Tampak seorang Satpam yang sedang berusaha membuka gerbang untuk menyambut kehadiran kami. Terlihat wajah takjub sekaligus kagum ketika melihat mobil Lamborghini Aventador SVJ Roadster Grigio Telesto memasuki pekarangan rumah. Dengan senyuman ramahnya, dia mempersilahkan kami masuk ke dalam. 
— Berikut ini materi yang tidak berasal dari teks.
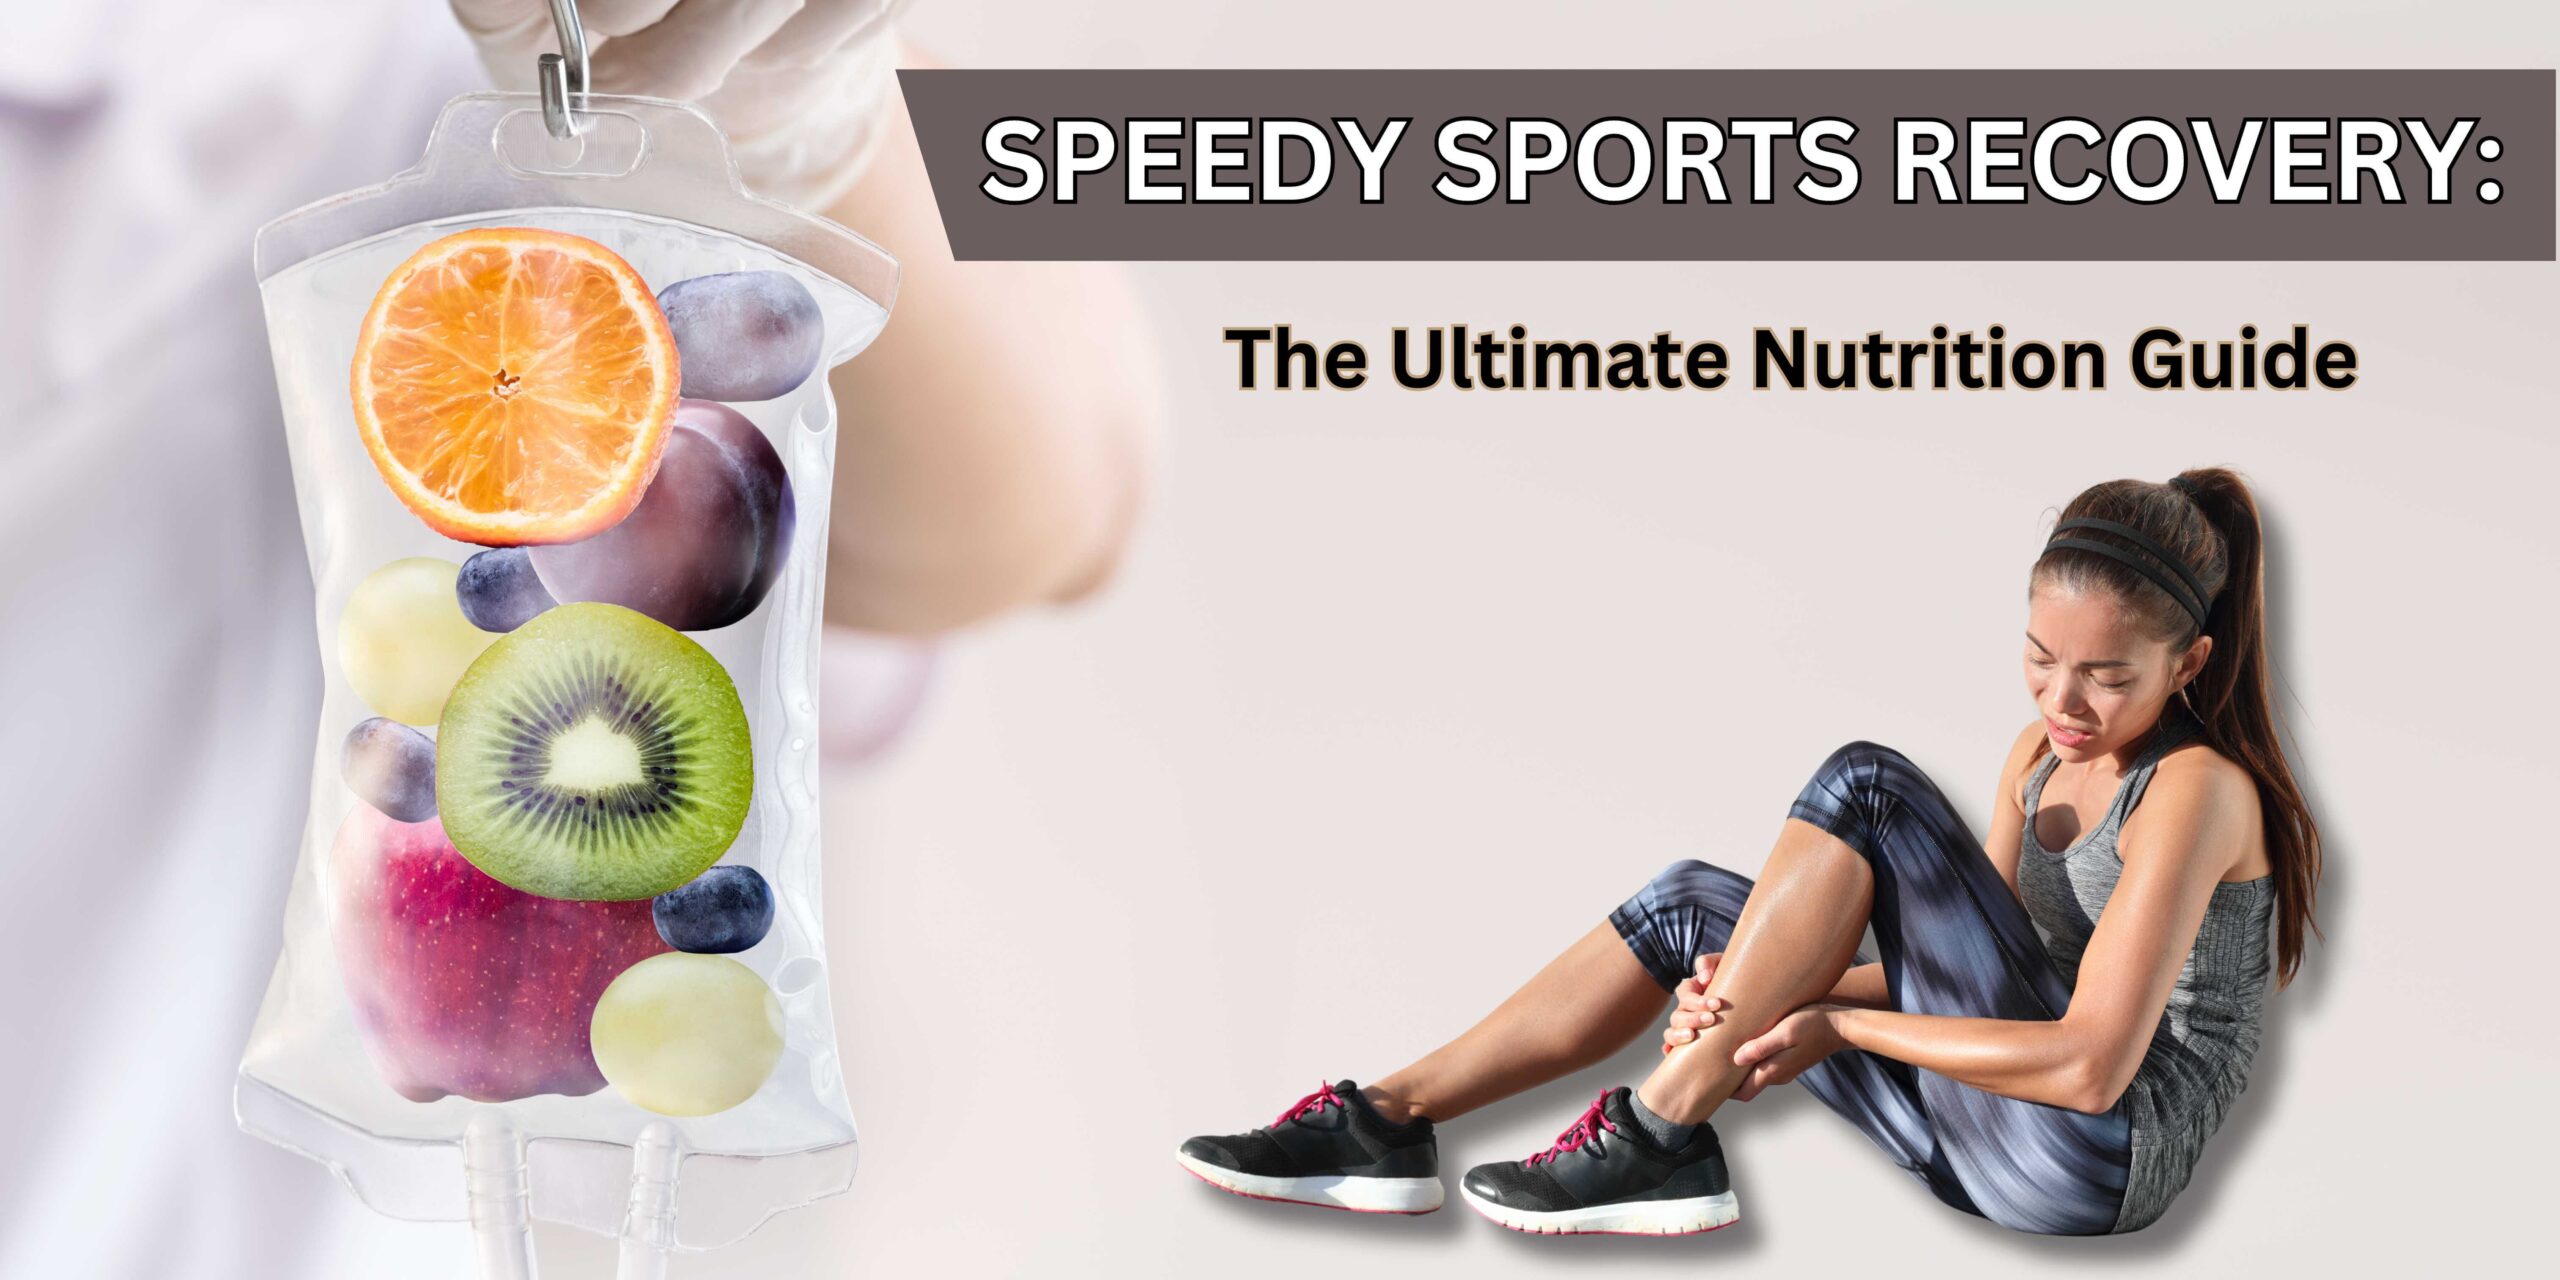 Speedy Sports Recovery The Ultimate Nutrition Guide

“Selamat siang Tuan Jaydeen, dan Non? Eh, saya lupa nama nona cantik ini. Maaf ya Non.." Sapanya ramah kepada kami berdua yang sudah turun dari mobil. 

“Nggak papa, Pak. Nama saya Evelyn, nama bapak siapa pak?” Menyambut sapaan hangat dari pria yang usianya 50 tahunan itu. 
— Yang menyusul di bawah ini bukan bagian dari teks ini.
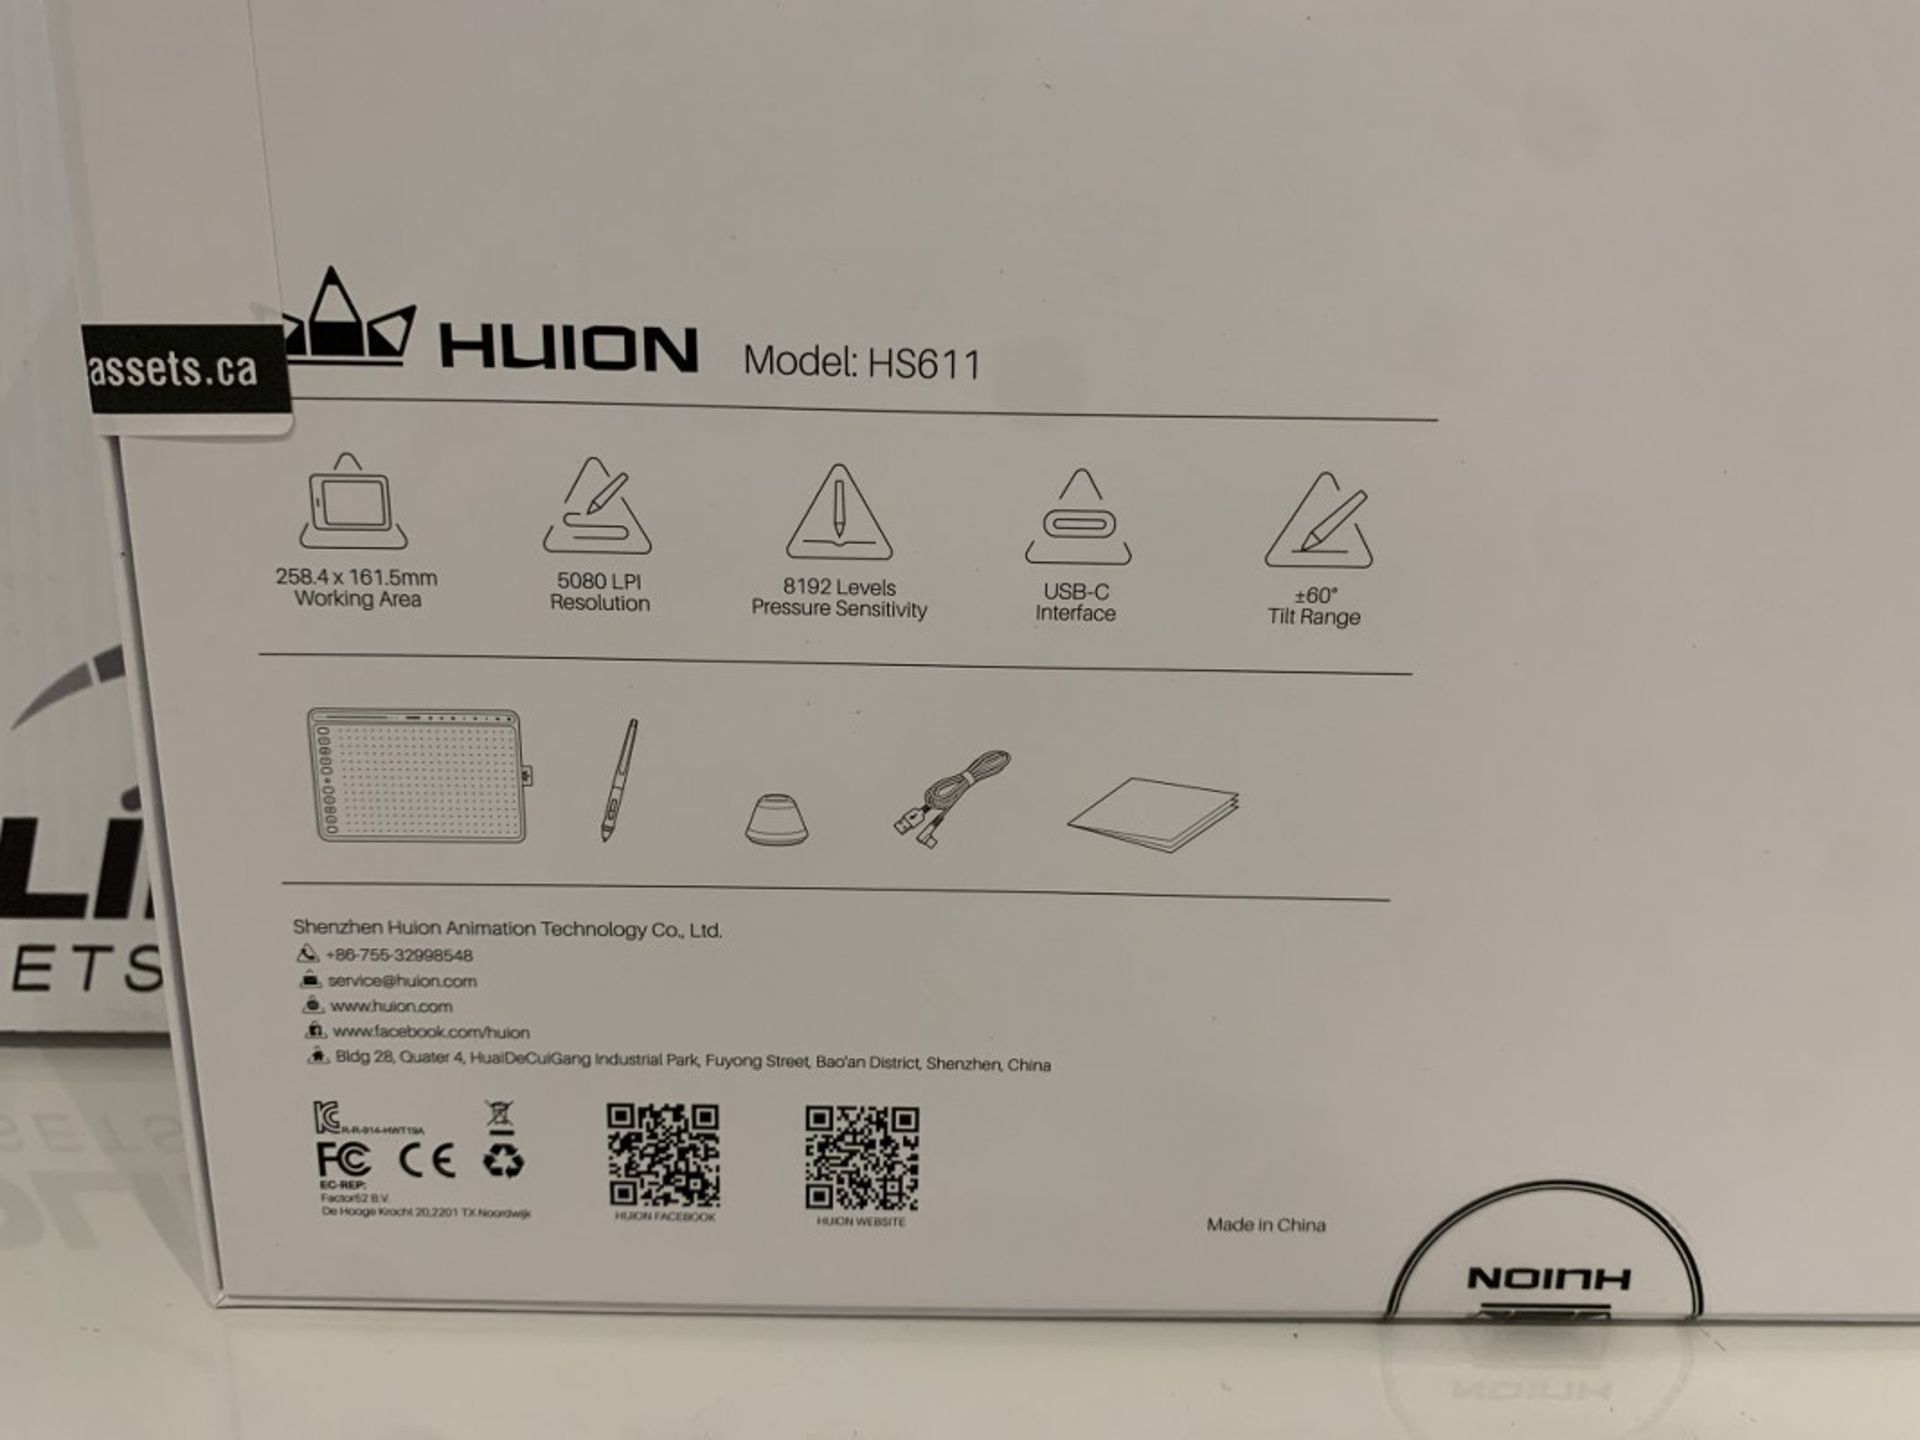 HUION - HS611 CREATIVE PEN TABLET - Image 2 of 3

“Nama saya Pak Mamat, non. Saya sudah bekerja disini sejak 5 tahun yang lalu. Menjaga rumahnya Tuan Jaydeen. Hehehe…” Jawabnya ramah. 
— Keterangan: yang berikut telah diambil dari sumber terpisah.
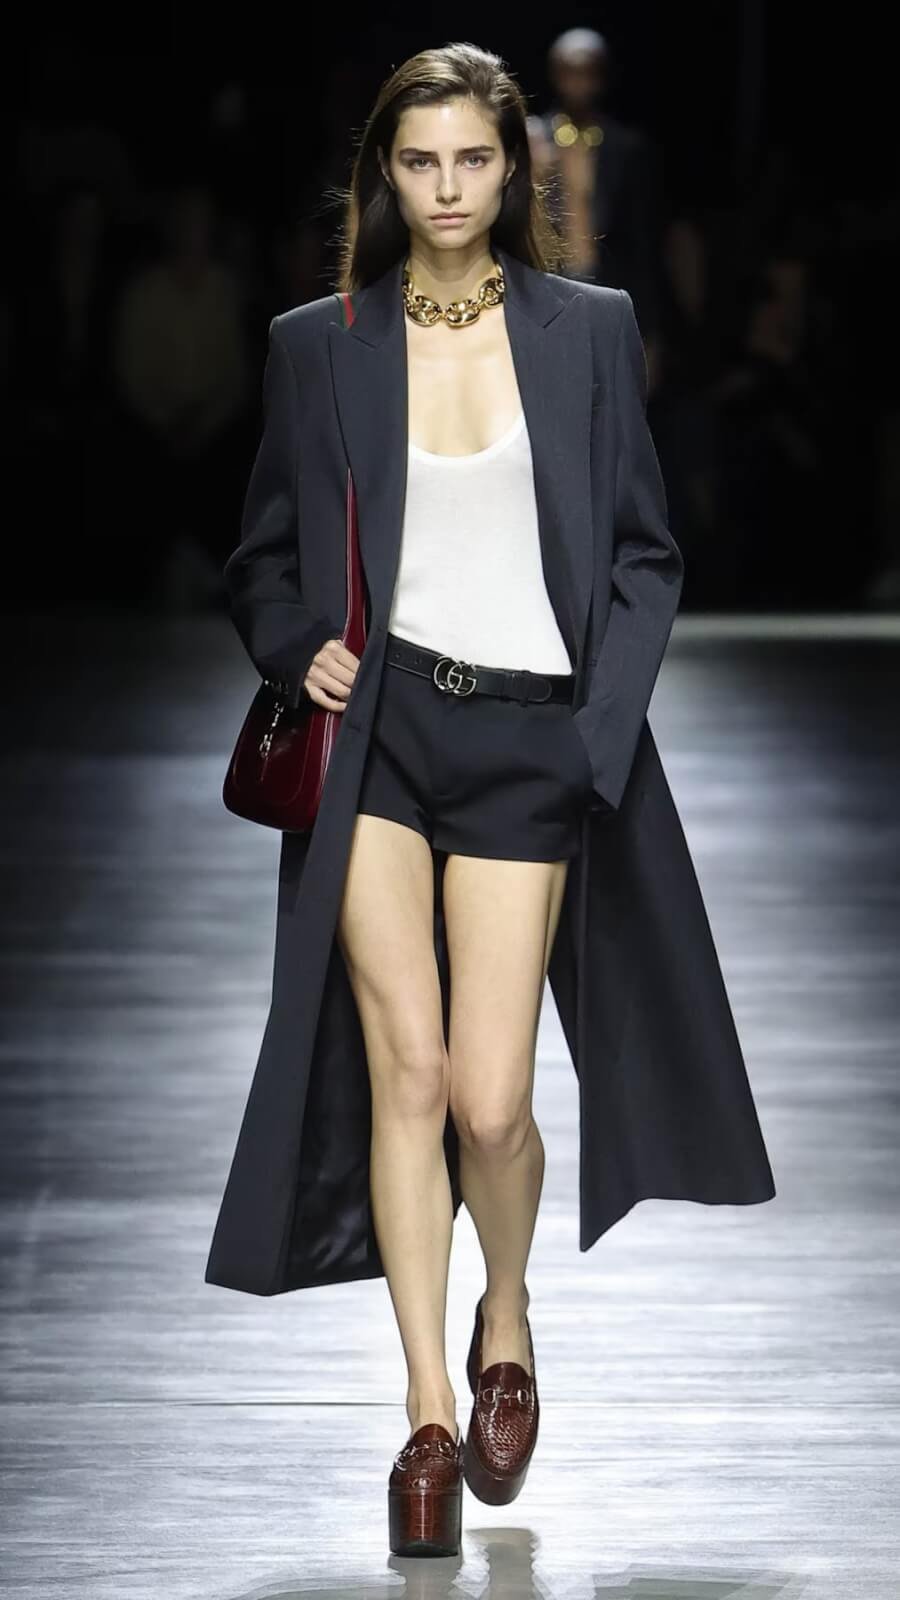 Brunette woman walking on runway with Gucci clothing and accessories.

“Pak Mamat, tolong parkirkan mobilnya ke dalam garasi ya pak..” Pintaku sambil menyerahkan kunci mobil mewah tersebut. 

https://images.app.goo.gl/51VTxBrXuvcwpkG28 

 

“Wah, mobil baru ya Tuan. Mewah sekali. Jadi nervous saya, Tuan. Pasti harganya miliaran ya ini… Cpcpcp.. Cakep bener mobilnya…” Ungkapnya tak bisa menyembunyikan rasa kagumnya. 

Wajar saja, jika Pak Mamat merasa kagum sekaligus nervous. Karena Supercar dengan unit sangat terbatas ini memiliki banderol sebesar Rp 22 miliar! Mobil eksotis asal Italia dilengkapi dengan mesin berkapasitas 6.500 cc dengan konfigurasi V12. Mesin powerful ini sanggup mengeluarkan tenaga 774 tenaga kuda yang disertai muntahan torsi sebesar 720 Nm di putaran mesin 7.250 RPM. Tenaga bengis ini membuat Aventador SVJ sanggup berakselerasi 0-100 km/jam hanya dalam waktu 2,8 detik saja. Bahkan top speed-nya diklaim bisa menembus angka 350 km/jam! Dengan kualitas inilah yang membuatku tertarik untuk membelinya. Sekaligus menghibur hati setelah kejadian tragis tersebut. 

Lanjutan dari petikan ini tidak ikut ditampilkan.